Burgess’s allegations, taken together and, as true, do not suffice to state a plausible claim under that standard. None of the facts alleged demonstrate any meaningful frequency of the conduct towards Burgess, and only two instances, Freeman’s vague sexual advance and the threat to rip Burgess’s cross from her neck, could rightly be considered physically threatening or abusive. These two isolated instances do not represent the kind of pervasive prejudice, disparagement, and interference with one’s job functions necessary to make out a plausible- hostile work environment claim. In short, Freeman’s behavior, while no doubt disturbing to Burgess if it occurred as alleged, does not reach the level of permeating intimidation, ridicule, and insult necessary to be considered severe or pervasive for purposes of Title VII. Consequently, the District Court’s conclusion that Burgess failed to state a claim on which relief could be granted was sound, and the decision to dismiss those claims was proper.

III. Conclusion

For the foregoing reasons, we will affirm.

*

This disposition is not an opinion of the full court and, pursuant to I.O.P. 5.7, does not constitute binding precedent.

1

.Because this case was dismissed for failure to state a claim, we accept the facts recited in the operative complaint as true, for purposes of appeal. Kaymark v. Bank of Am., N.A., 783 F.3d 168, 174 (3d Cir.2015).

2

. From Burgess's description, this is apparently gum bearing a religious message.

3

. While Burgess pled several other facts regarding alleged retaliation, those facts bear only on her retaliation claim, which was dismissed on summary judgment and waived on appeal.

4

. In the same motion, Dollar Tree moved to dismiss both the Title VII discrimination and retaliation claims against the individual defendants on grounds that the statute does not provide for individual liability.

5

. The District Court had original jurisdiction over the federal claims in this case under 28 U.S.C. § 1331 and supplemental jurisdiction over the state law claims under 28 U.S.C. § 1367, We have jurisdiction pursuant to 28 U.S.C. § 1291.

6

. Burgess's appeal, at least facially, could also be understood to contest the district court's summary judgment decision, its dismissal of the claims against Randi Freeman and the other individual defendants, its dismissal of her religious discrimination claim, and its denial of her motion to amend her complaint a second time. But Burgess has forgone all of those claims.

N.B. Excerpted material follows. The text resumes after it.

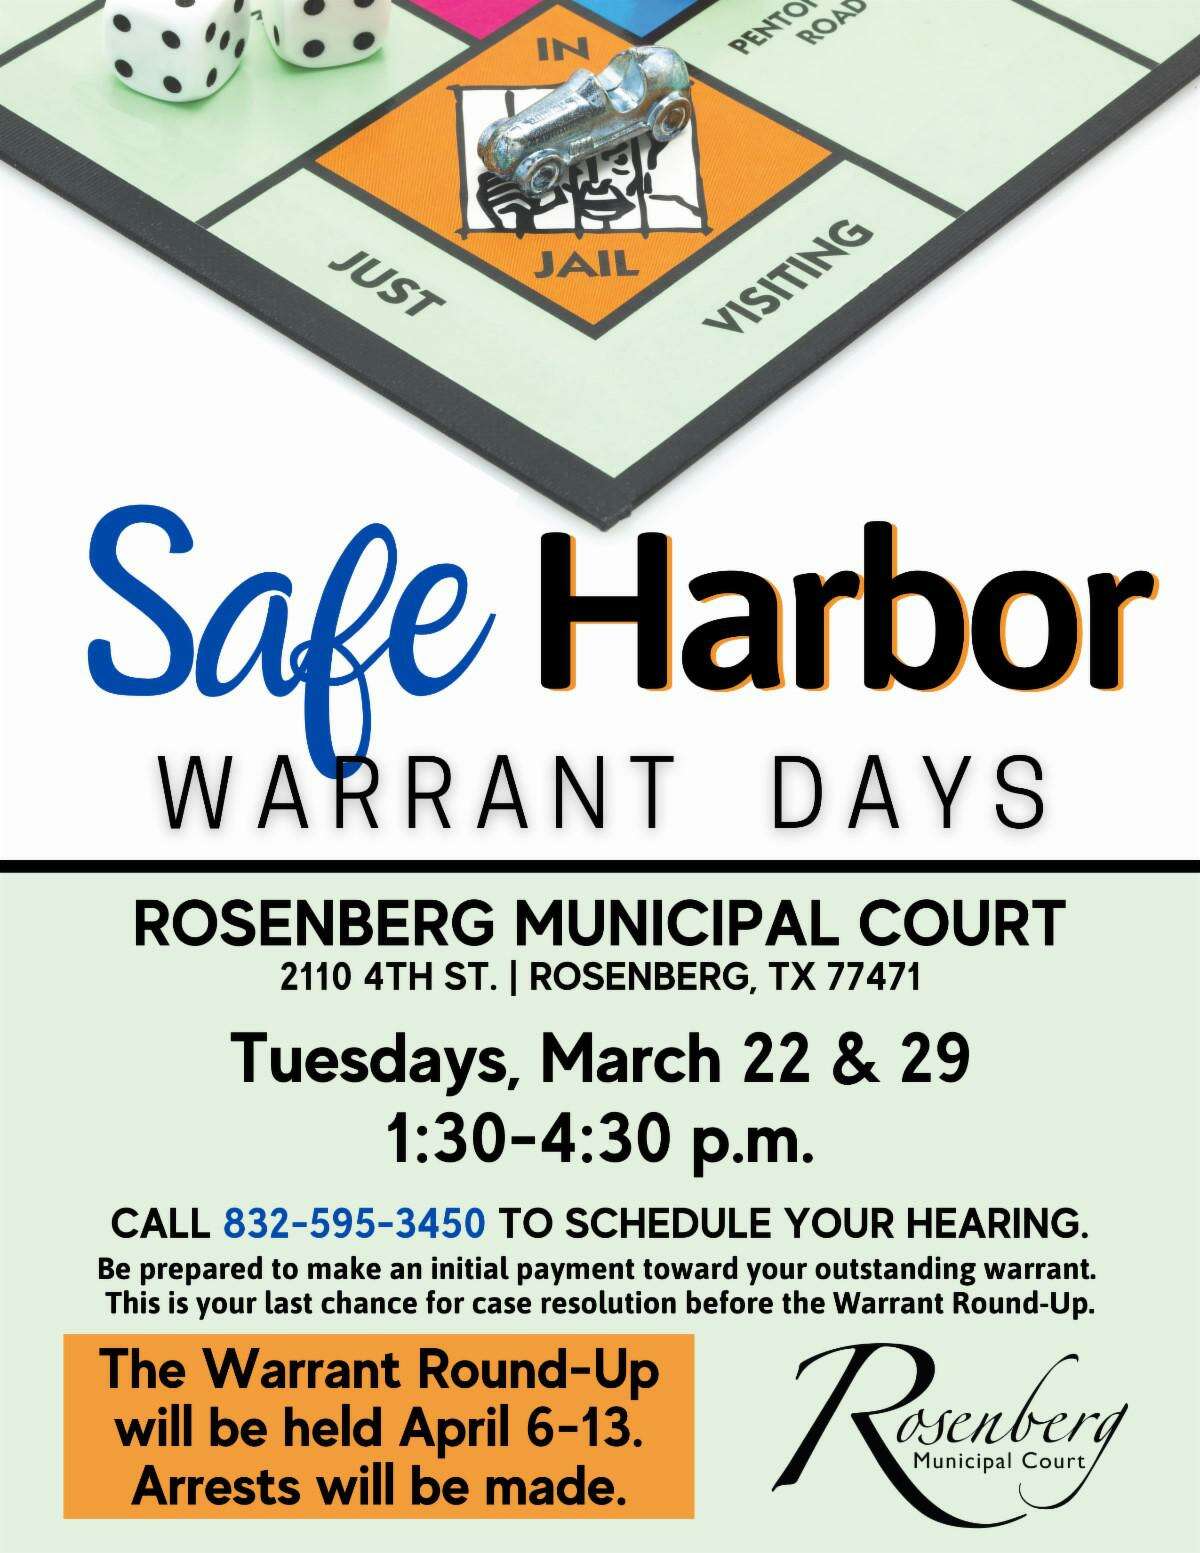 People with outstanding warrants in Rosenberg can settle them during the city’s Safe Harbor Warrant Days on March 22 or 29 to avoid arrest during Warrant Round-Up in April.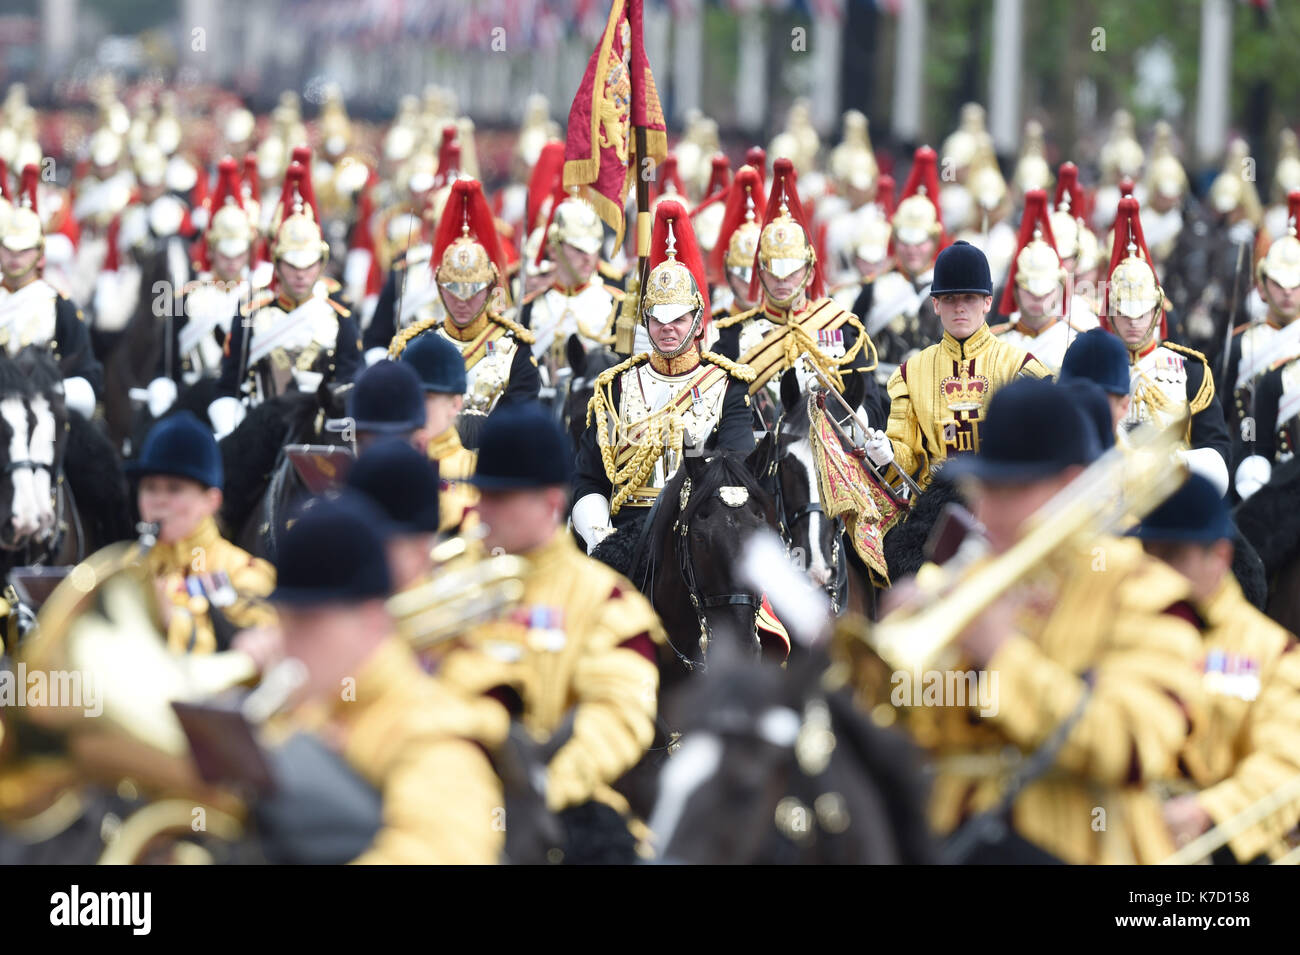 Photo Must Be Credited ©Alpha Press 079965 11/06/2016 Atmosphere in London for Trooping the Colour 2016 during The Queen's 90th Birthday Celebrations. Stock Photo

Her argument against summary judgment was explicitly waived, and she forfeited any argument as to the dismissal of claims against individual defendants, the dismissal of her religious discrimination claim, or denial of the motion to amend by failing to raise such arguments in her opening brief. In re Fosamax (Alendronate Sodium) Products Liab. Litig. (No. II), 751 F.3d 150, 157 (3d Cir.2014) ("We have consistently held that an issue is waived unless a party raises it in its opening brief, and for those purposes a passing reference to an issue ... will not suffice to bring that issue before this court.”) (internal quotation marks omitted).

7

.Because the protections of the PHRA replicate those of Title VII, we consider these claims together. See Weston v. Pennsylvania, 251 F.3d 420, 425 n, 3 (3d Cir.2001), overruled in part on other grounds by Burlington N. & Santa Fe Ry. Co. v. White, 548 U.S. 53,[*155] 126 S.Ct. 2405, 165 L.Ed.2d 345 (2006) ("The proper analysis under Tide VII and the [PHRA] is identical, as Pennsylvania courts have construed the protections of the two acts interchangeably.”).